(MATERIAL PROVIDED):
────

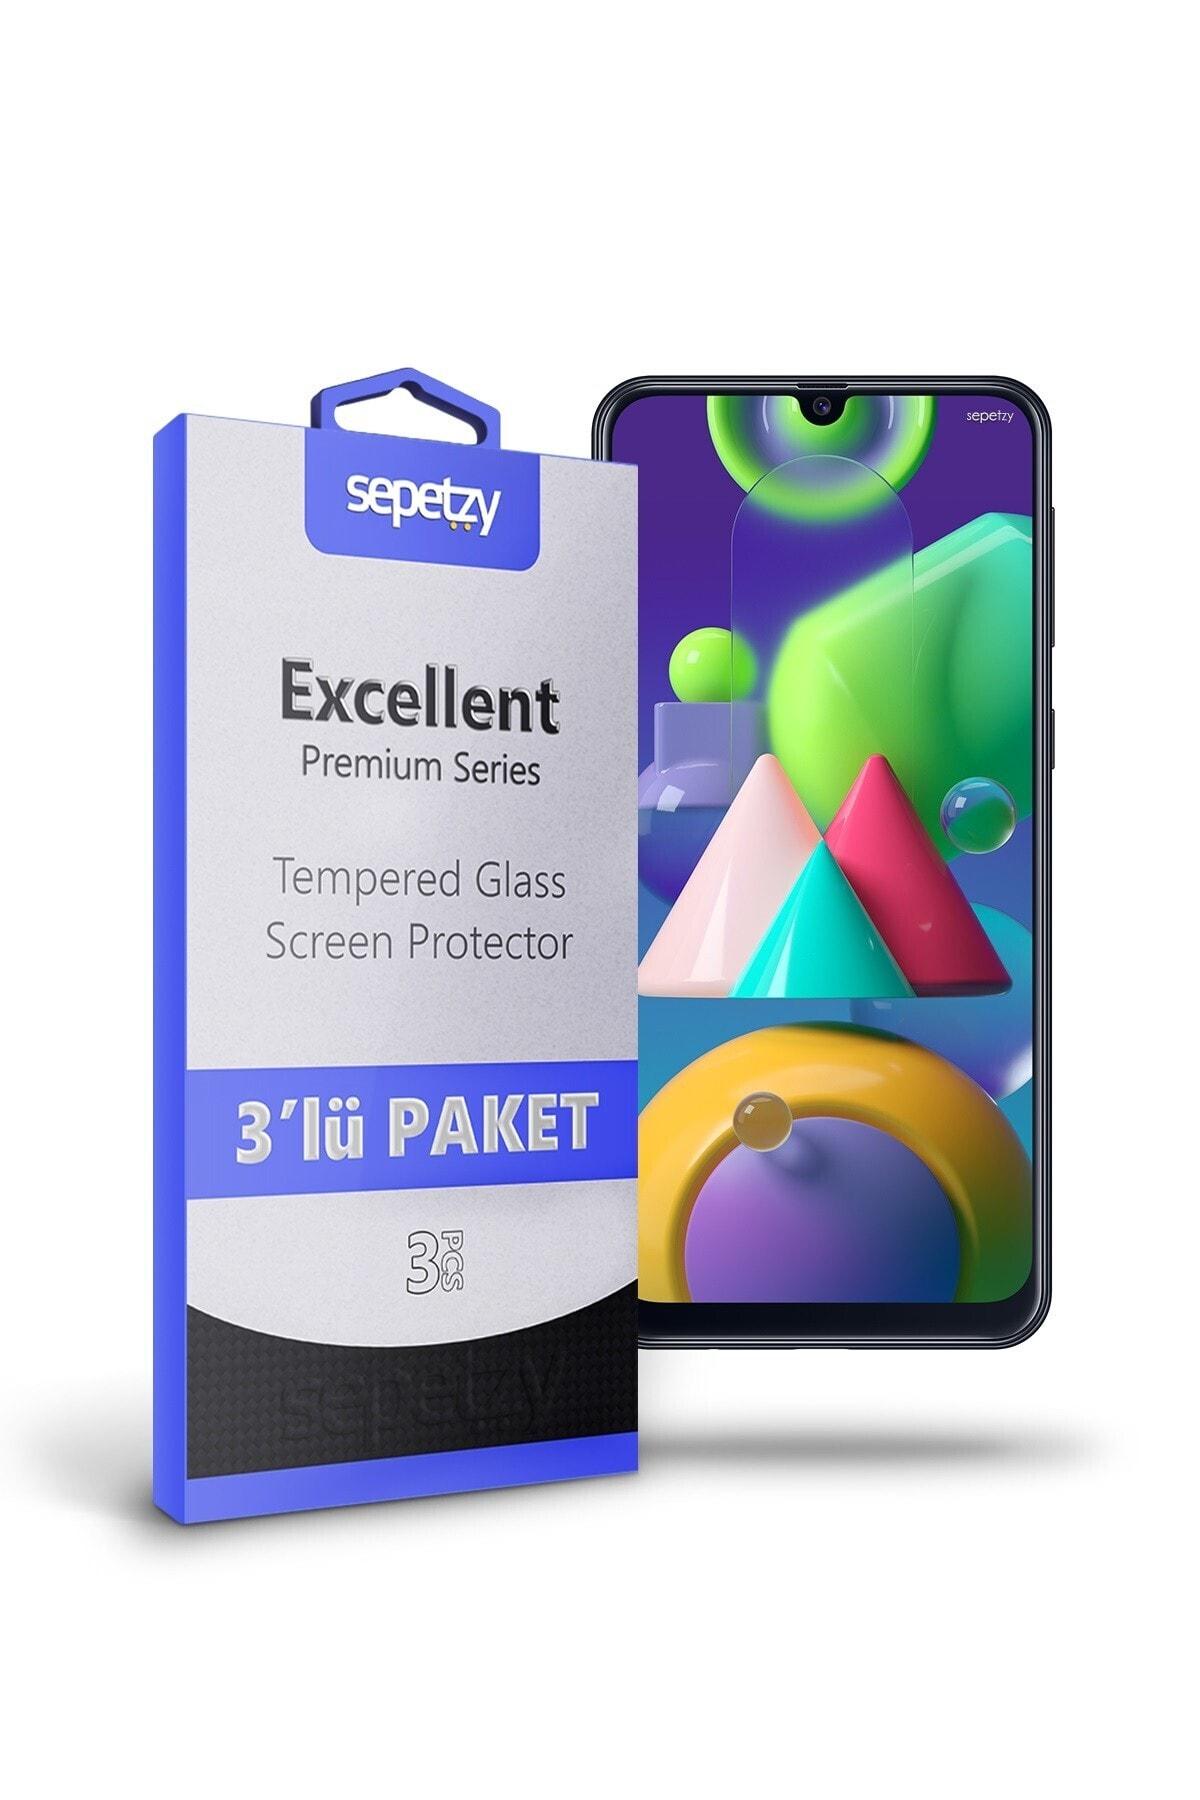 sepetzy Samsung Galaxy M21 Temperli Kırılmaz Cam Ekran Koruyucu 3'lü Paket 1
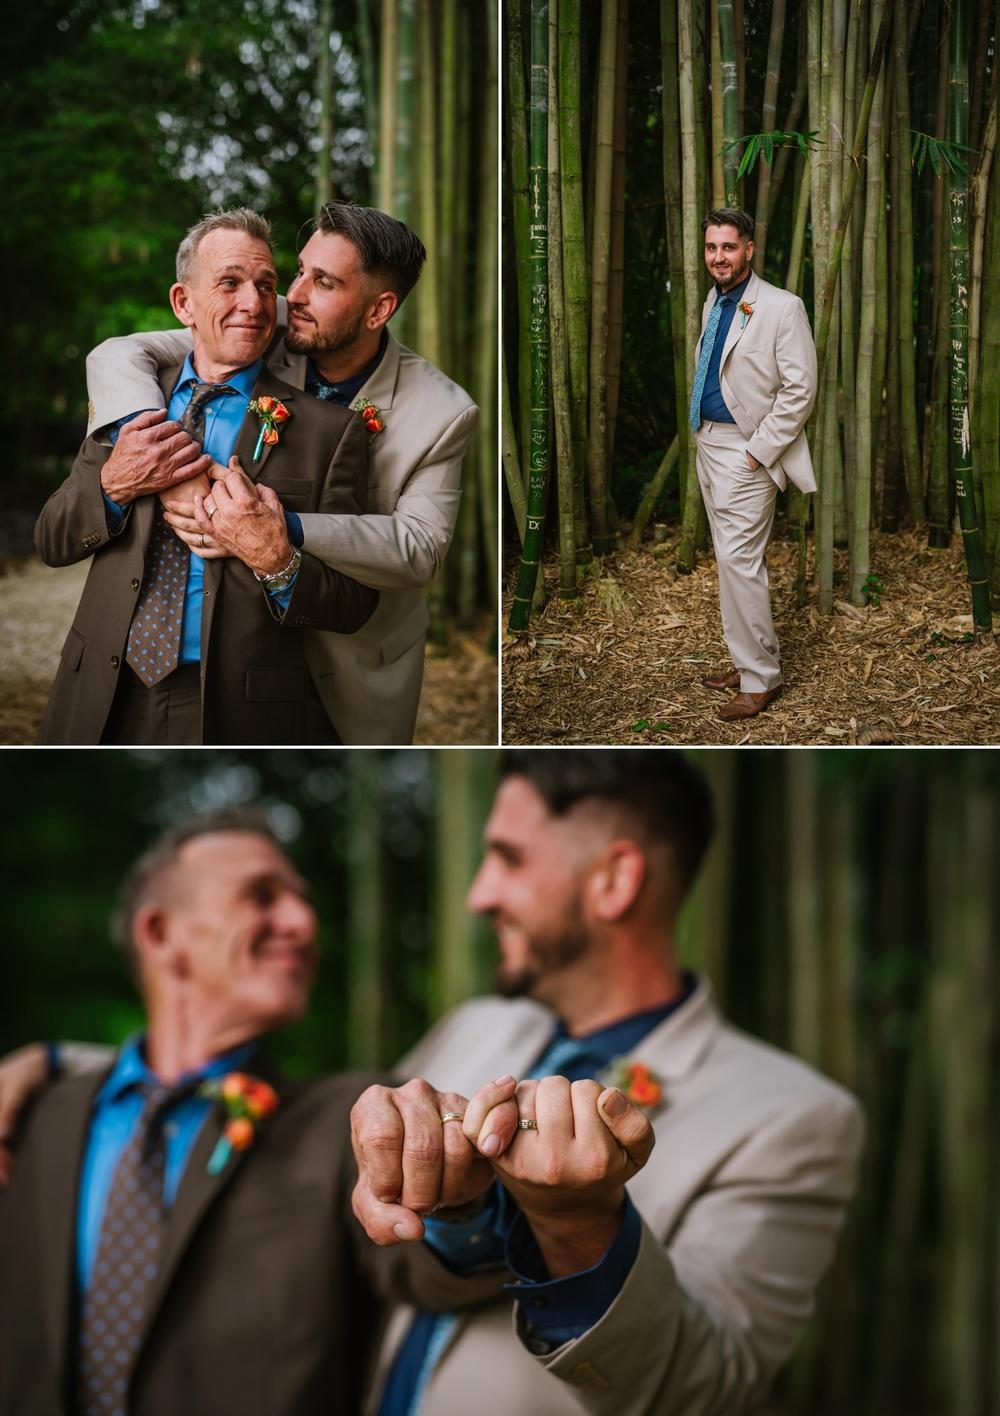 tampa-wedding-photographer-ashlee-hamon-lgbt-wedding_0009.jpg
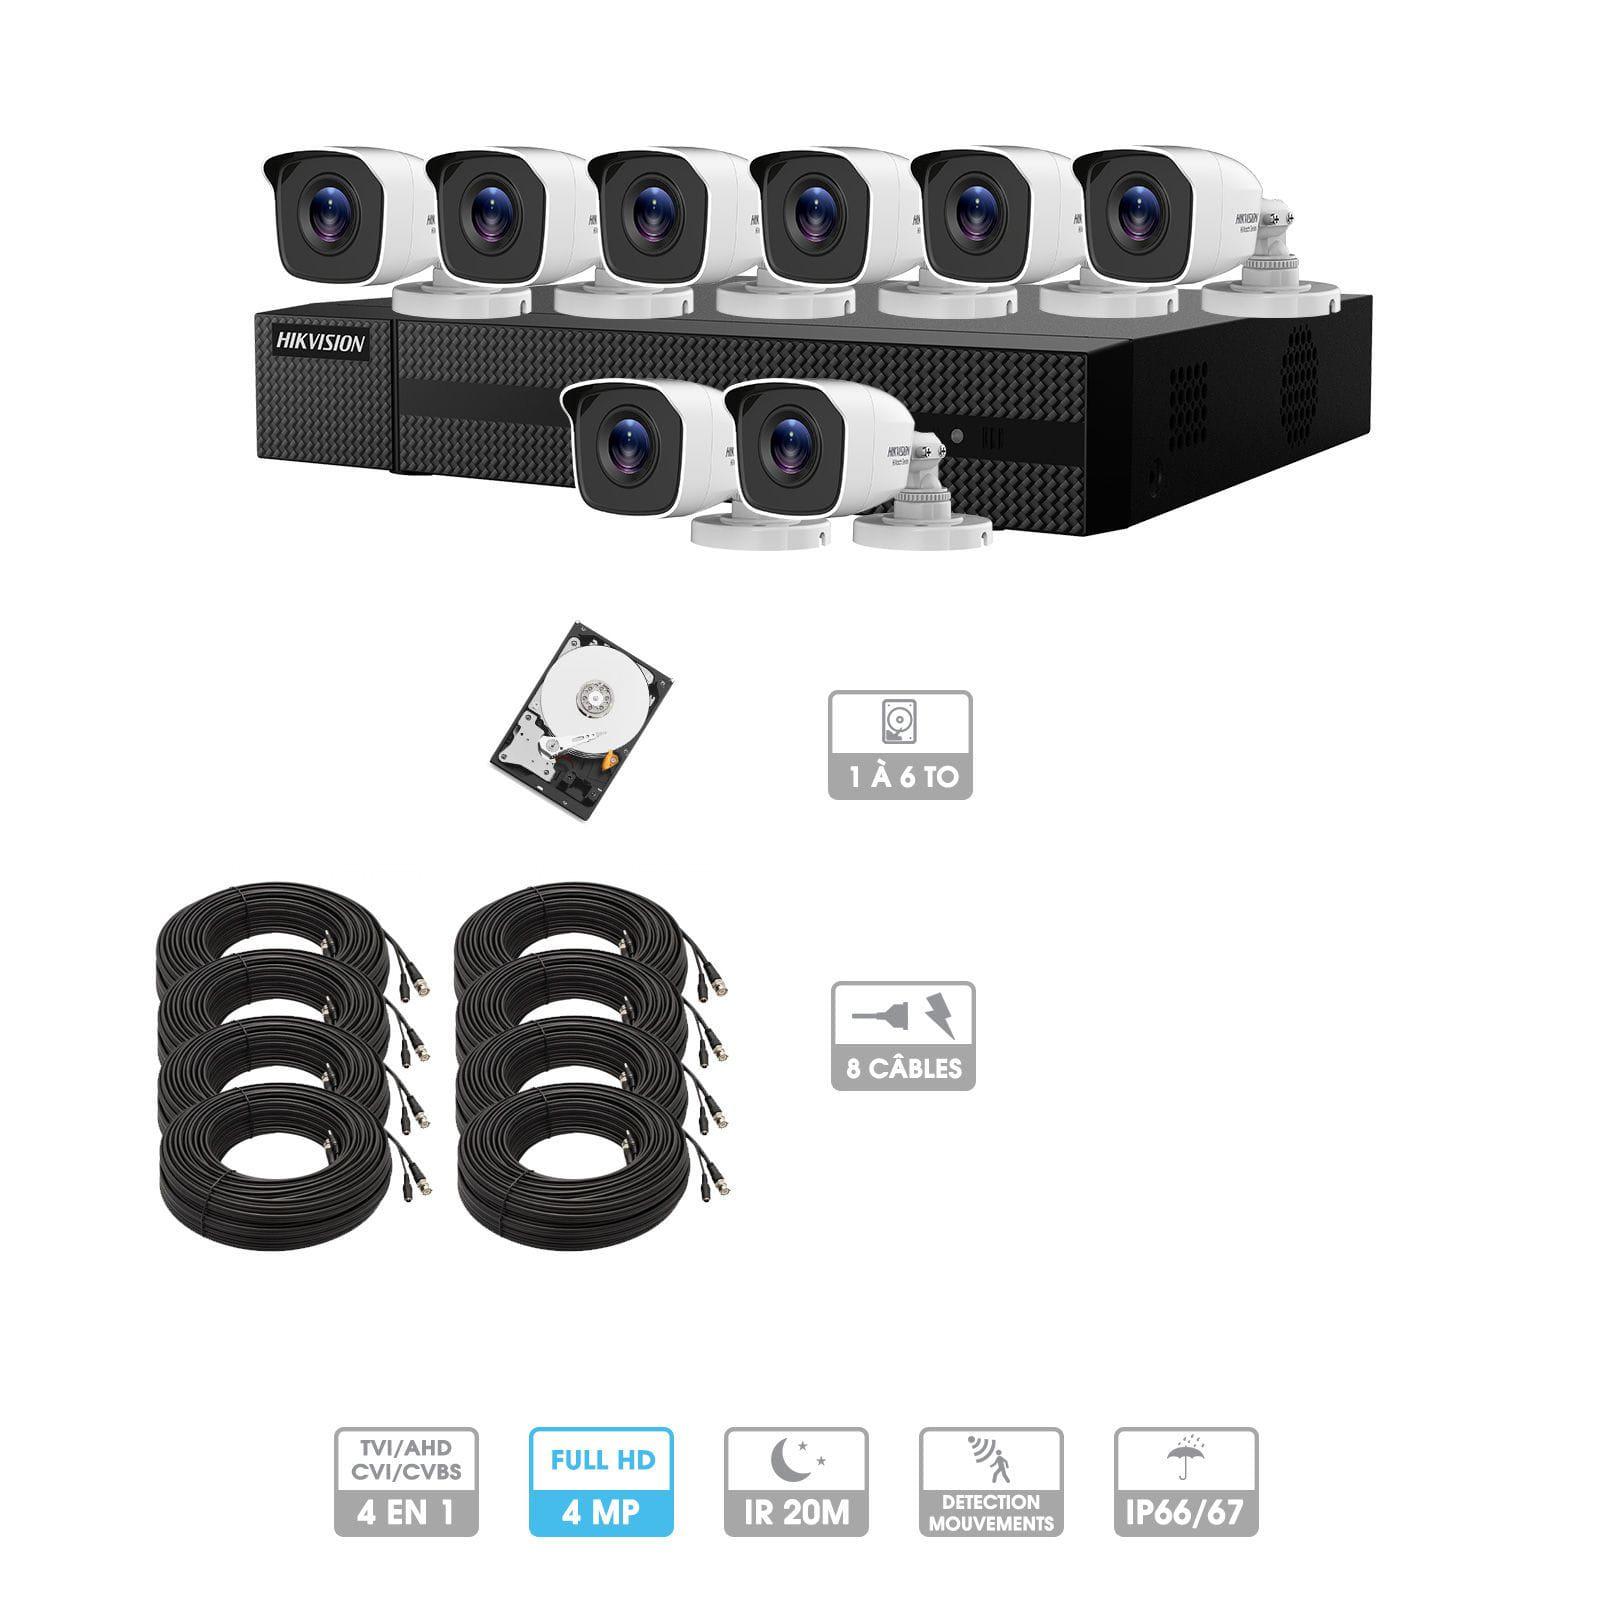 Kit vidéosurveillance 8 caméras | 4MP HD | 8 câbles 20 mètres | HDD 1To | Tube Hiwatch

────

(DIRECTIONS): Your answer must be an exact copy of the listing, minus its pictures.

(RESULT OF THE EXERCISE):
 sepetzy Samsung Galaxy M21 Temperli Kırılmaz Cam Ekran Koruyucu 3'lü Paket 1
 tampa-wedding-photographer-ashlee-hamon-lgbt-wedding_0009.jpg
 Kit vidéosurveillance 8 caméras | 4MP HD | 8 câbles 20 mètres | HDD 1To | Tube Hiwatch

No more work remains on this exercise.